Qian et al. [18] conducted an empirical study on contrastive-based methods of SSL in HAR context, evaluating several properties (e.g. backbone architecture, augmentation strategies, and pair construction). Comparing five SSL methods, BYOL, SimSiam, SimCLR, NNCLR, and TS-TCC, they made an interesting insight related to data-scarce cross-person generalization. NNCLR achieved the best performance in the UCI dataset, while SimCLR performed best with the SHAR dataset, highlighting that the effectiveness of SSL methods can be dataset-dependent, with nearest neighbor pair construction being particularly effective for certain datasets like UCI.

Similarly to Qian et al., in 2022 Haresamudram et al. [13] also assessed the performance of several SSL methods on HAR tasks. The Multi-task Self-supervision [20], masked reconstruction [11], CPC [12], Autoencoder [20], SimCLR [5, 22], SimSiam [6], and BYOL [9] techniques were evaluated under different criteria on 10 different datasets.
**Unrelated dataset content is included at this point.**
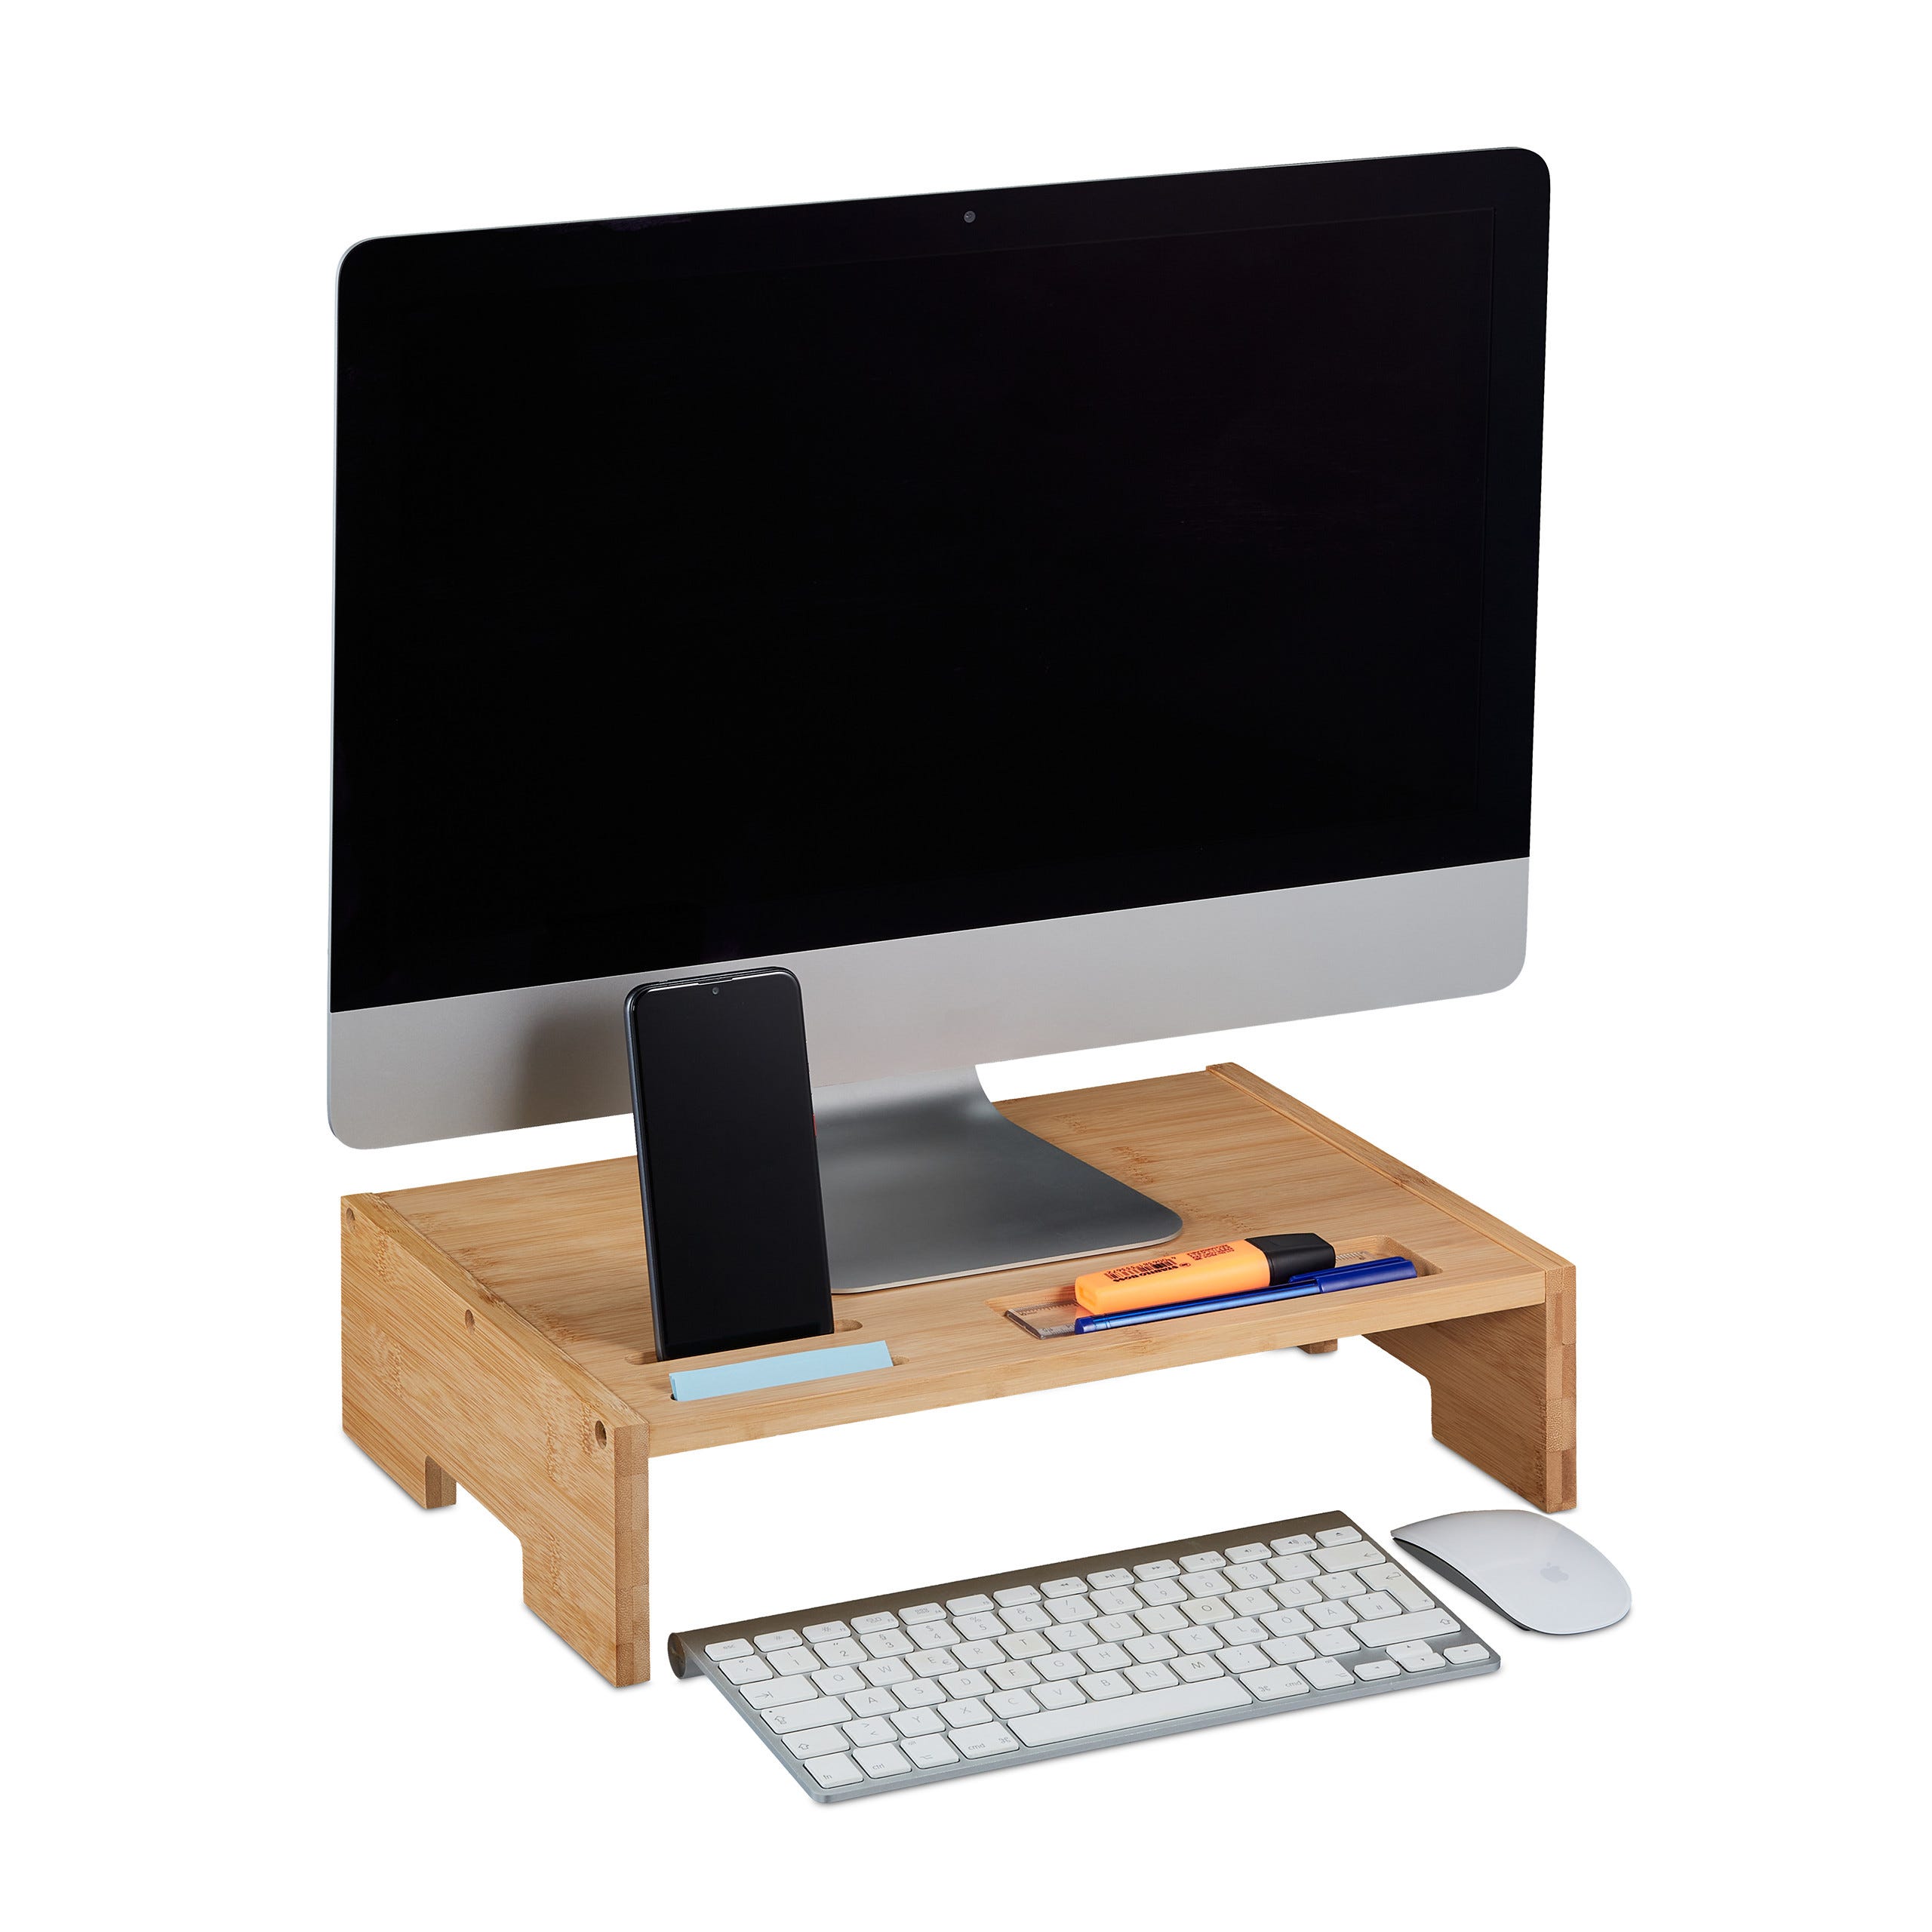 Supporto monitor rialzo scrivania per pc alzata computer portatile

The authors affirm the capability of these techniques for empowering HAR tasks.

Recently, Yuan et al. [25] employed a Multi-Task SSL approach to train a ResNet backbone using the UK Biobank data, a large-scale dataset with more than 700,000 person-days of data from wearable sensors. The SSL method is the same as in Saaed’s work [20], however, the authors incorporated weighted sampling to improve training stability. They sampled data windows in proportion to their standard deviation, giving more weight to high-movement periods. The authors demonstrated significant performance improvements in several HAR datasets compared to classical algorithms and fully-supervised ResNet training.

TF-C: TF-C is an SSL technique that was proposed by Zhang et al. [28], in 2022. In their work, the authors evaluated the technique on a variety of time-series related tasks, such as Epilepsy detection [1], sleeping disorder classification [15], and hand gesture recognition [16]. They also employed a HAR dataset to pretrain the TF-C backbone, however, they did not evaluate the impact of TF-C on the HAR task.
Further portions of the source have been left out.